[comp.lang.fortran] Random Number Functions--Generate versus Input

oliver@athena.mit.edu (James D. Oliver III) (11/09/90)

I have a number (order of magnitude 10**6) of random number function values
to generate as part of a Monte Carlo simulation using Cray Fortran.  The
actual variables of interest are independent of the random numbers, so I
can use the same series for each simulation.  My question is, is it faster
in general to regenerate the random function values every time (this part
of the code can't be vectorized), or to just read the values in from a
file?

Obviously, the solution is to run benchmark programs, which I intend to do,
but just as a rule of thumb, is I/O considerably slower than calling
functions?

Also, could someone repost that pointer to a supercomputer
optimization/vectorization reference that was made earlier?


--
____________________________
	Jim Oliver   
	oliver@athena.mit.edu /	joliver@hstbme.mit.edu
	oliver%mitwccf.BITNET@MITVMA.MIT.EDU

v087mxgb@ubvmsa.cc.buffalo.edu (Shawn E Thompson) (11/09/90)

I posted an excellent generator previously (2^144 numbers)
vectorized in an external function...Email me if you are
interested

patrick@convex.COM (Patrick F. McGehearty) (11/09/90)

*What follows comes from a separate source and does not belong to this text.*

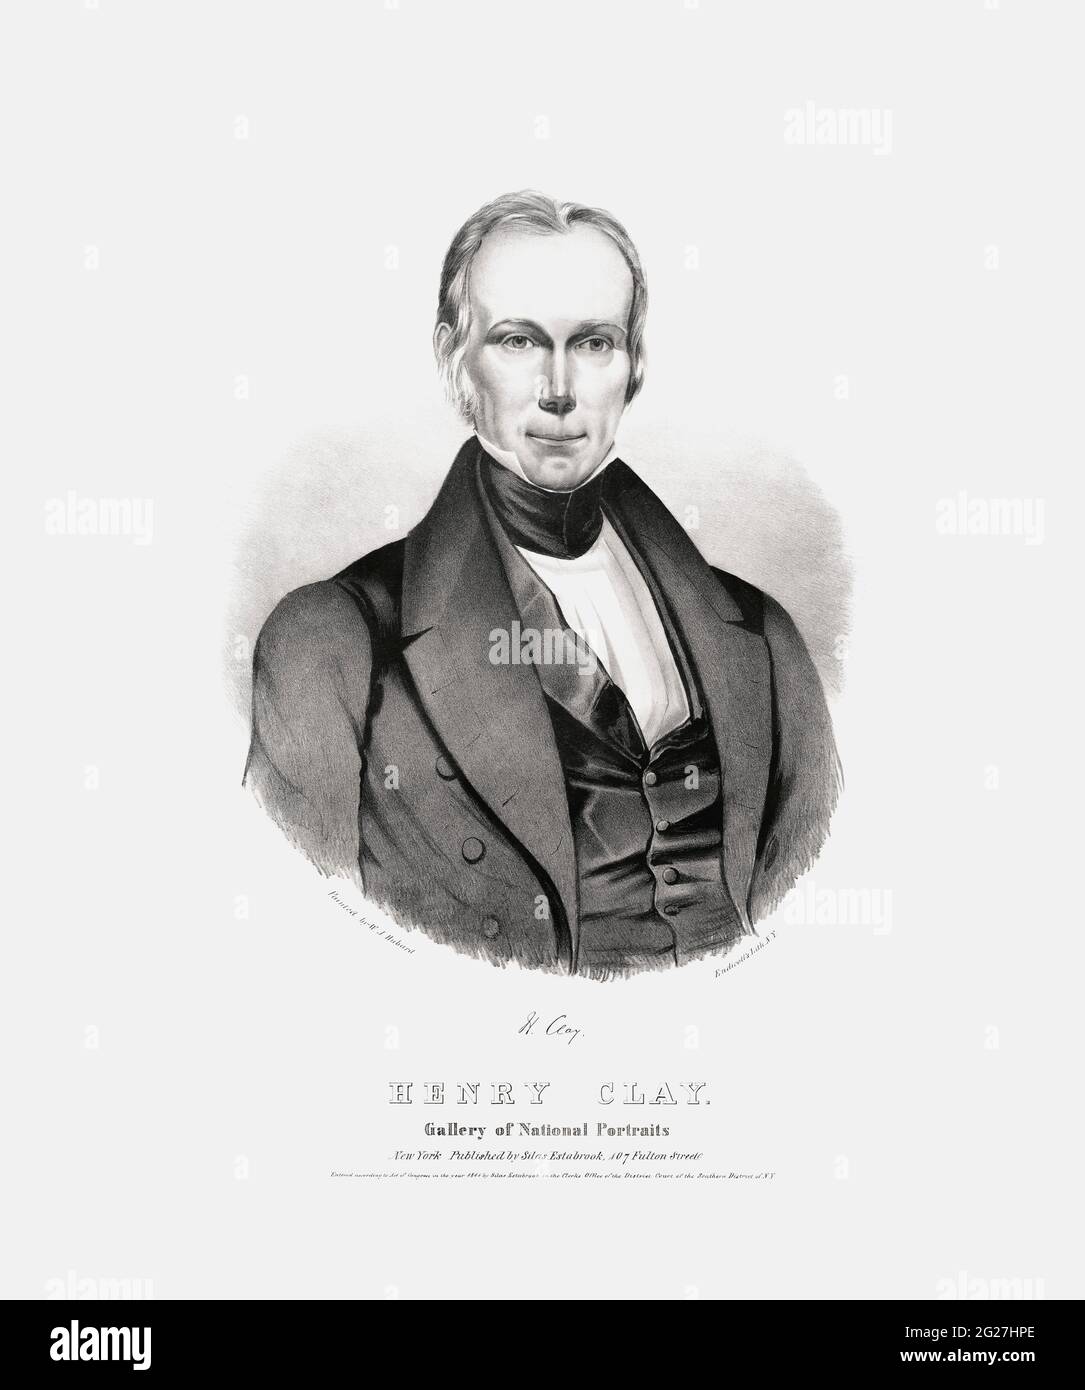 Porträt von Henry Clay, einem politischen Staatsmann, der den Staat Kentucky vertrat. Stockfoto

In article <1990Nov8.170334.24579@athena.mit.edu> oliver@athena.mit.edu (James D. Oliver III) writes:
>I have a number (order of magnitude 10**6) of random number function values
>to generate ...
>  My question is, is it faster in general to regenerate the random function
> values every time (this part of the code can't be vectorized), or to just
> read the values in from a file?
It depends on how you read the numbers.

Using unformatted, direct I/O with large buffers into an array can be quite
efficient.  Reading each number with a separate READ from an ascii file
(thus requiring a string to real conversion) will be quite slow.
Whether the unformatted read is as fast as a random number function is
implementation dependent and should be easy to benchmark.

oliver@athena.mit.edu (James D. Oliver III) (11/09/90)

I guess I need to make this clear: the random number genertor itself is
vectorizable, however, the values of interest to me are *functions* of
these randome variables.  To be more specific, I'm generating a series of
randomly oriented 3-D unit vectors.  The fastest way to do this is to
generate two random numbers for x and y and calculate z as long as x**2 +
y**2 <= 1.  This process, however, involves a conditional loop back to the
ranf() function and thus is not vectorizable.  However, the fact that this
method is not vectorizable is just of incidental interest, since it remains
the fastest way of doing it.

What I'd like to know is, *given* this way of generating my values, should
I expect it to be faster than reading the values from a file?  Like I said,
for this particular case I can run a benchmark, but I was wondering if
there was a general rule of thumb for the speed of I/O operations.


--
____________________________
	Jim Oliver   
	oliver@athena.mit.edu /	joliver@hstbme.mit.edu
	oliver%mitwccf.BITNET@MITVMA.MIT.EDU

chidsey@smoke.brl.mil (Irving Chidsey) (11/09/90)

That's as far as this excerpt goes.